Large Pages, Large Leaks? Hugepage-Induced Side-Channels vs. Performance Improvements in Cryptographic Computations

Side-channel attacks leveraging microarchitectural components such as caches and translation lookaside buffers (TLBs) pose increasing risks to cryptographic and machine-learning workloads. This paper presents a comparative study of performance and side-channel leakage under two page-size configurations—standard 4KB pages and 2MB huge pages—using paired attacker–victim experiments instrumented with both Performance Monitoring Unit (PMU) counters and precise per-access timing using rdtscp(). The victim executes repeated, key-dependent memory accesses across eight cryptographic modes (AES, ChaCha20, RSA, and ECC variants) while the attacker records eight PMU features per access (cpu-cycles, instructions, cache-references, cache-misses, etc.) and precise rdtscp() timing.
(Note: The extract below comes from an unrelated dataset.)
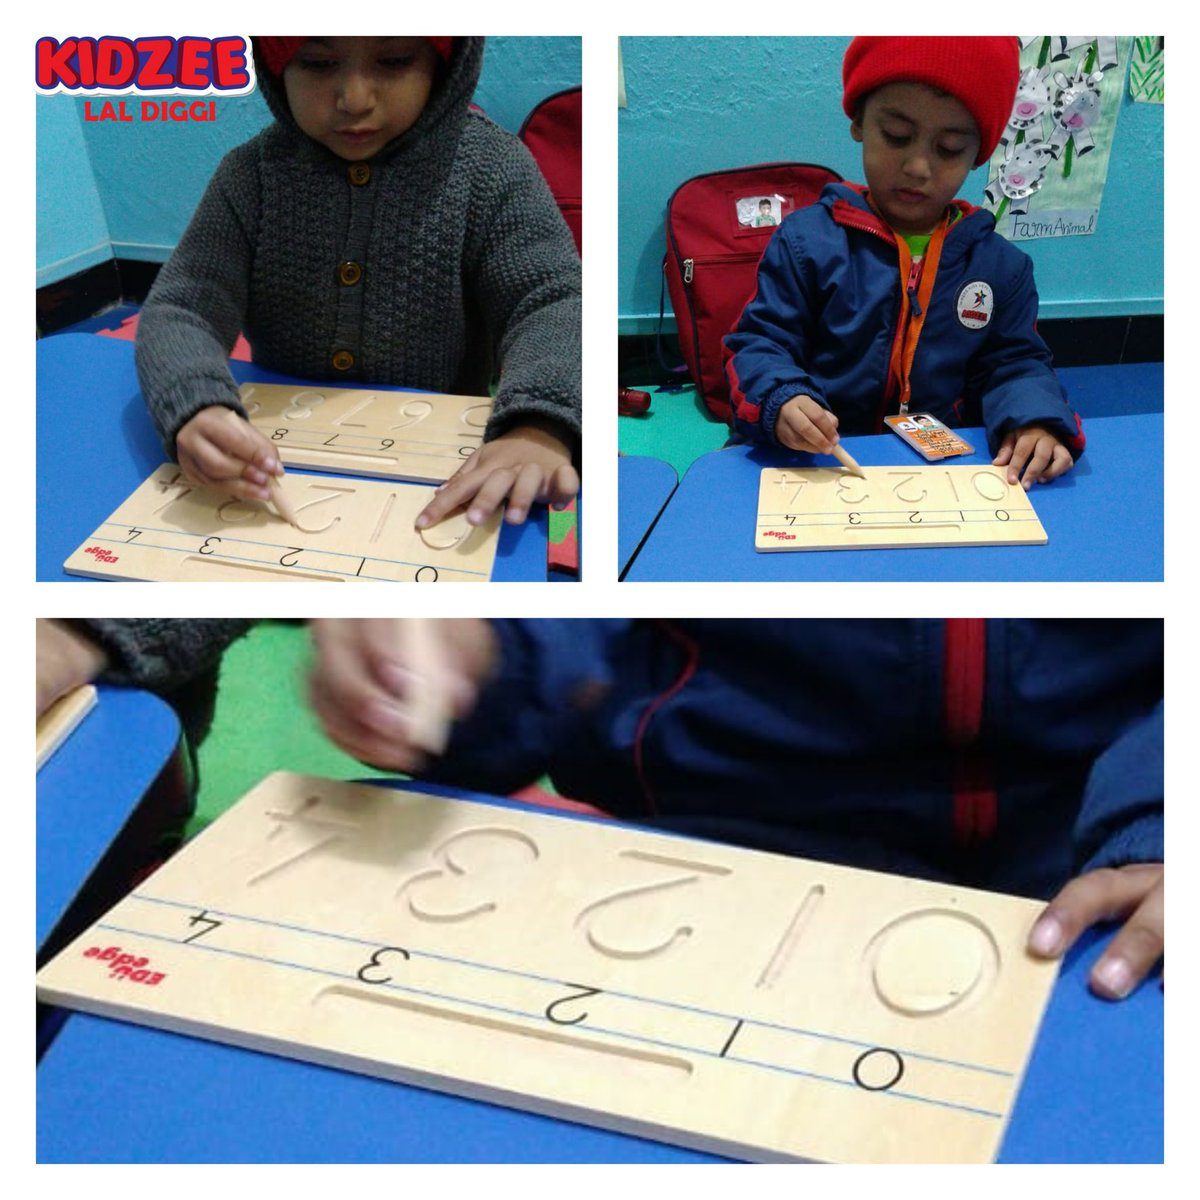 Trace the pattern-math time #KIDZEE #LALDIGGI #preschool

The resulting traces are analyzed using a multilayer perceptron classifier to quantify key-dependent leakage. Results show that the 2MB huge-page configuration achieves a comparable key-classification accuracy (mean 0.79 vs. 0.77 for 4KB) while reducing average CPU cycles by approximately 11%. Page-index identification remains near random chance (3.6--3.7% for PMU side-channels and 1.5% for timing side-channel), indicating no increase in measurable leakage at the page level. These findings suggest that huge-page mappings can improve runtime efficiency without amplifying observable side-channel vulnerabilities, offering a practical configuration for balancing performance and security in user-space cryptographic workloads.